§ **Supplied material**:
• • • •
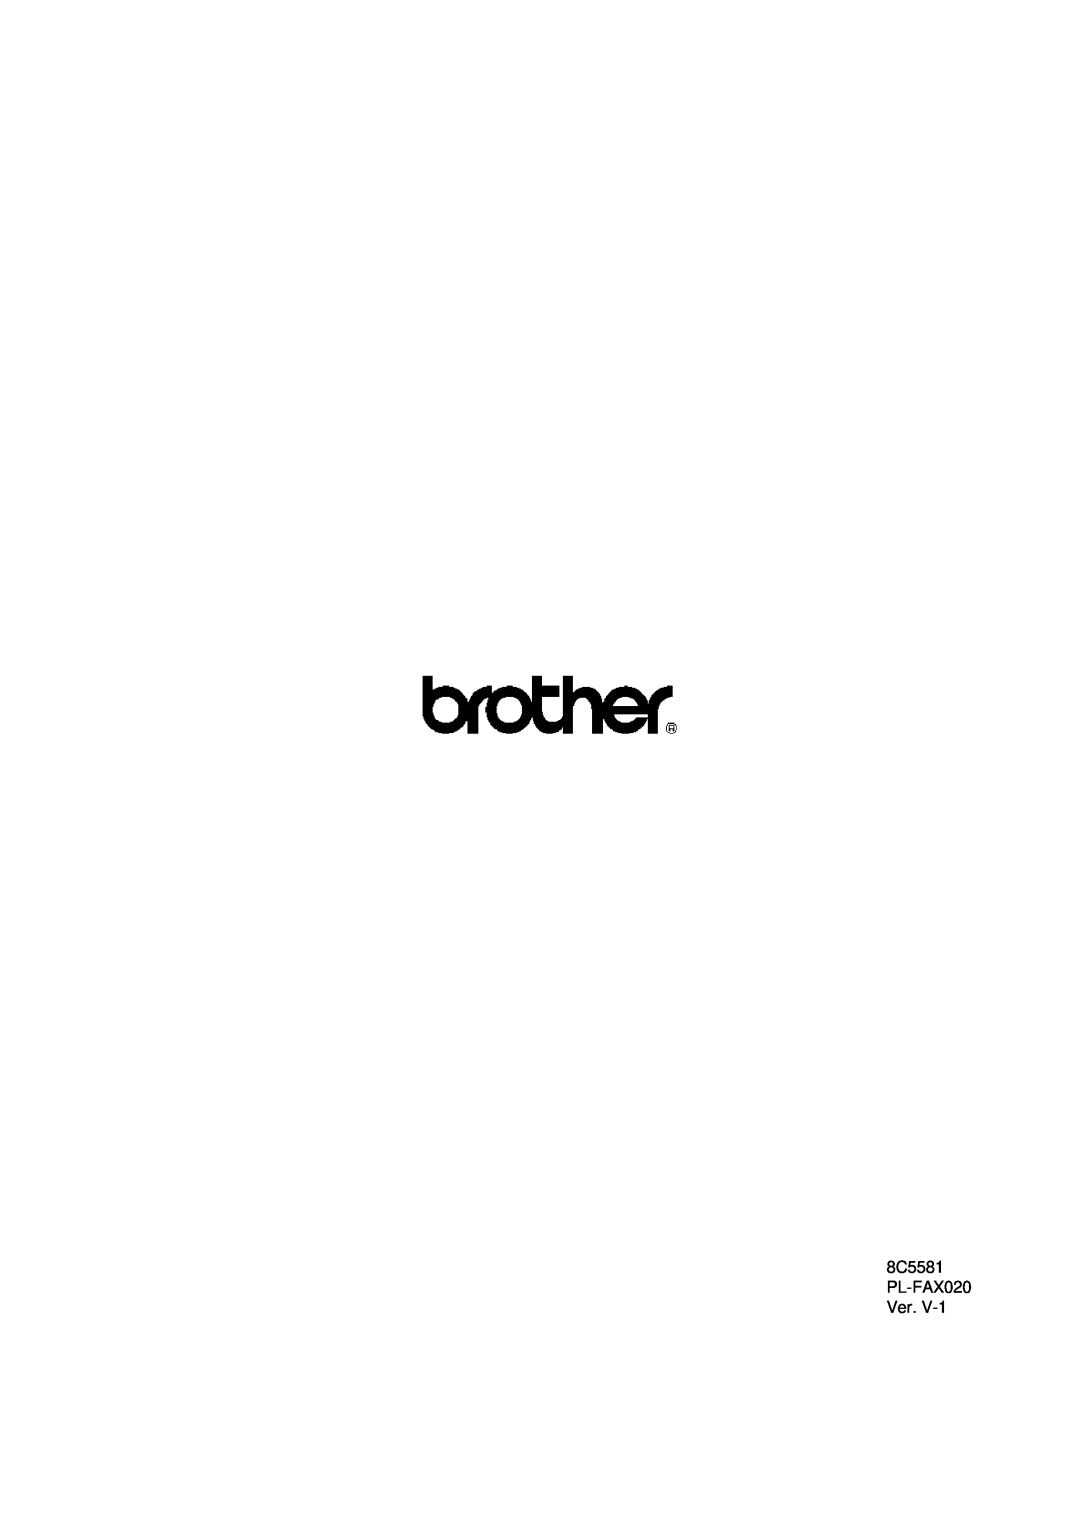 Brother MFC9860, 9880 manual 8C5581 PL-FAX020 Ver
• • • •
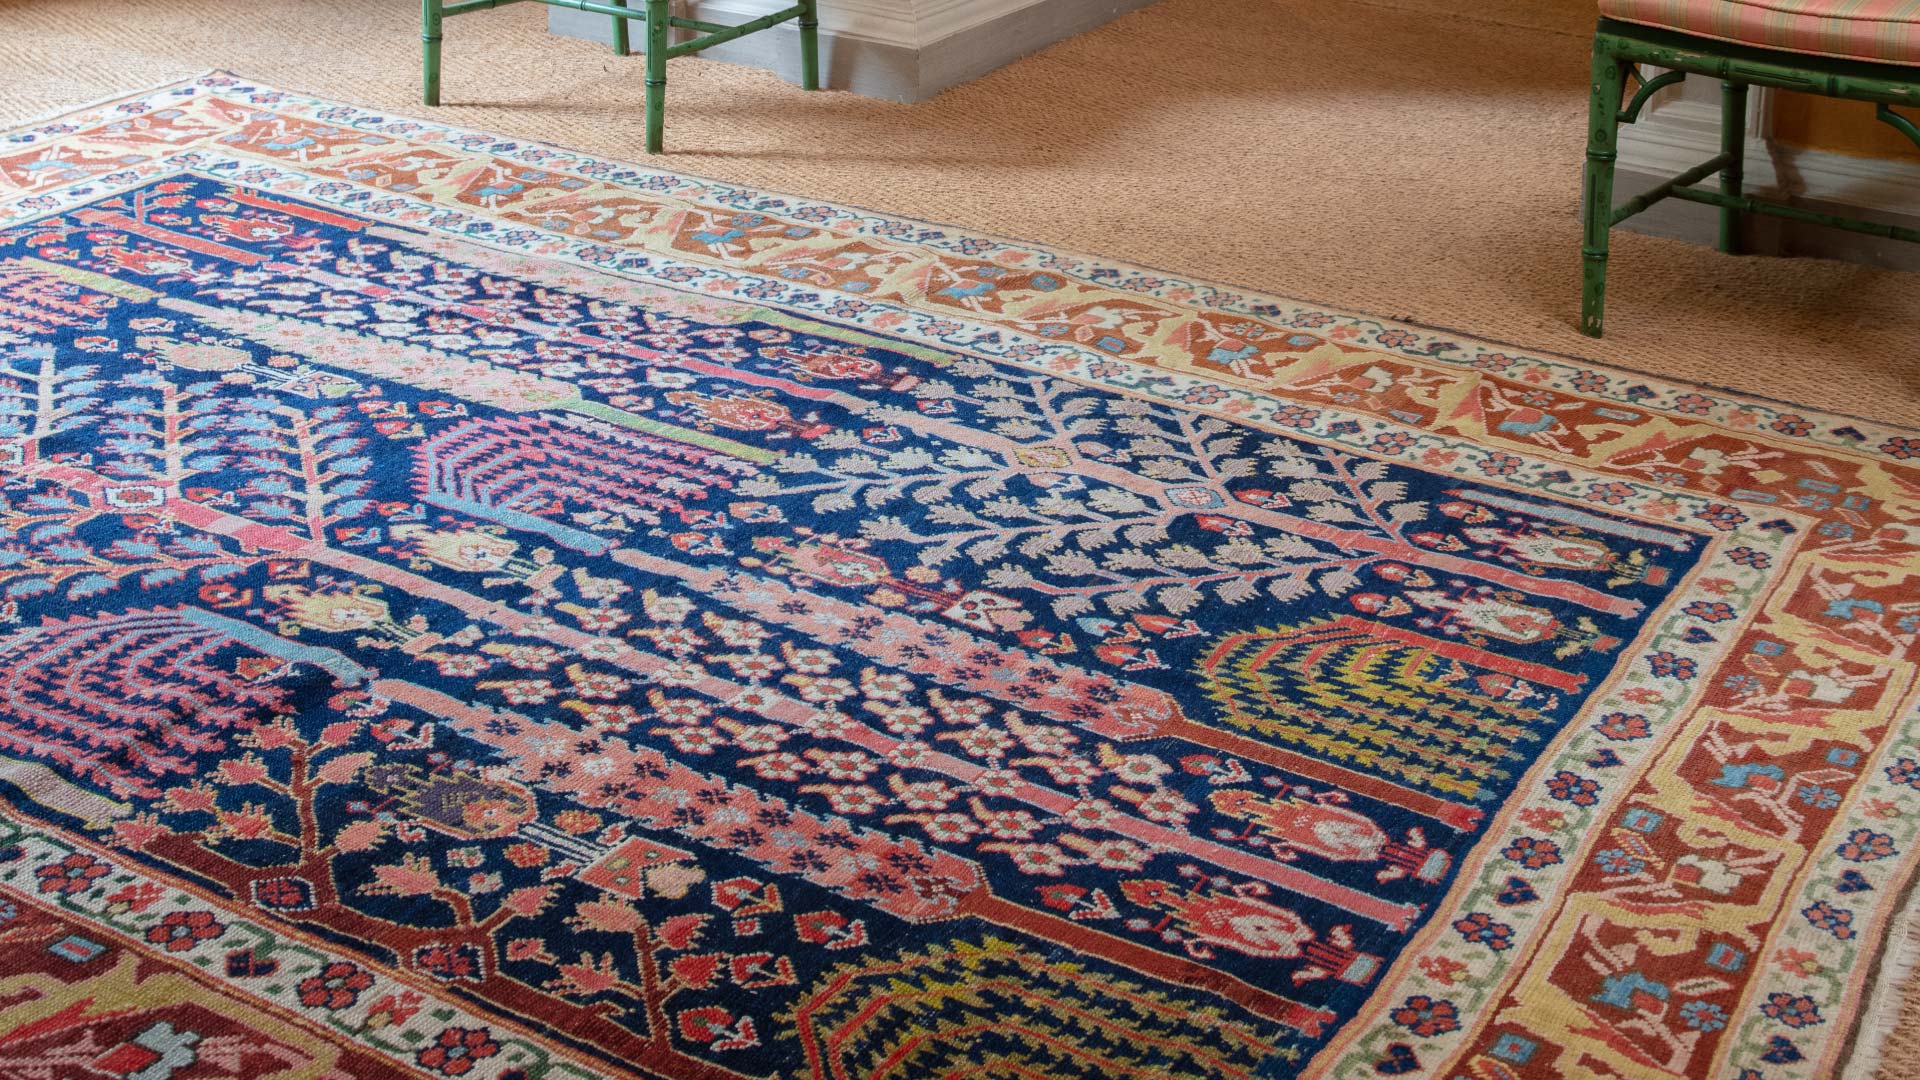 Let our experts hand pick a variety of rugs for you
• • • •
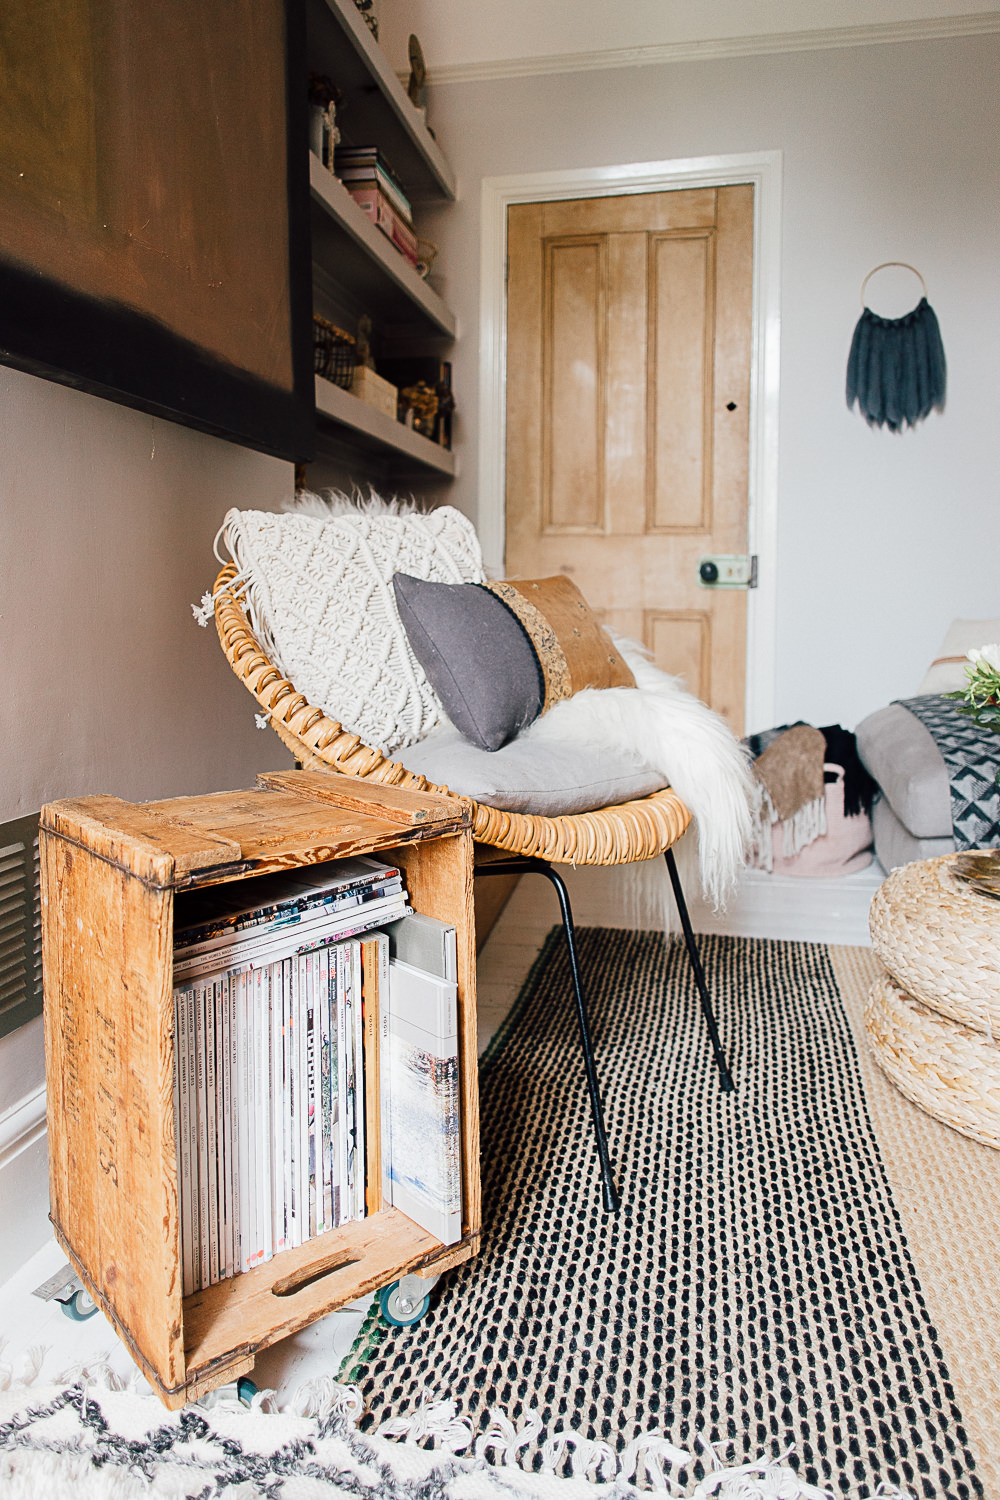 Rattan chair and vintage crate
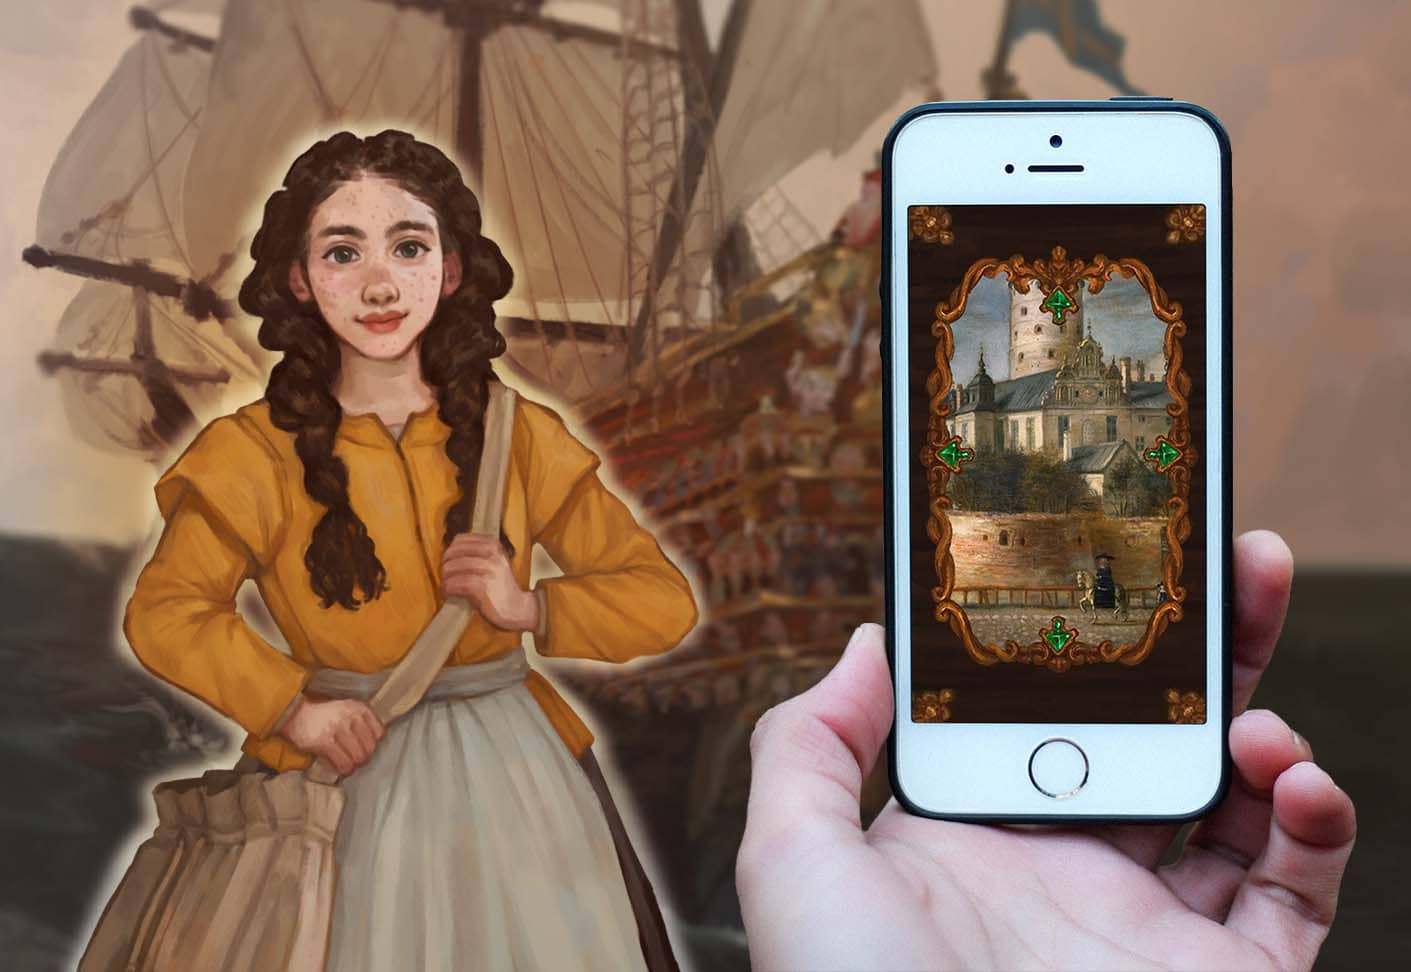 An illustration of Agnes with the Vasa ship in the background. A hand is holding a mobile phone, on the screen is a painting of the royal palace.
• • • •
§ **What is expected**:
In the listing above, find the line with "Rattan chair and vintage crate" and the line with "An illustration of". Set down exactly those lines and everything between them, skipping pictures.

§ **Your solution**:
 Rattan chair and vintage crate
 An illustration of Agnes with the Vasa ship in the background. A hand is holding a mobile phone, on the screen is a painting of the royal palace.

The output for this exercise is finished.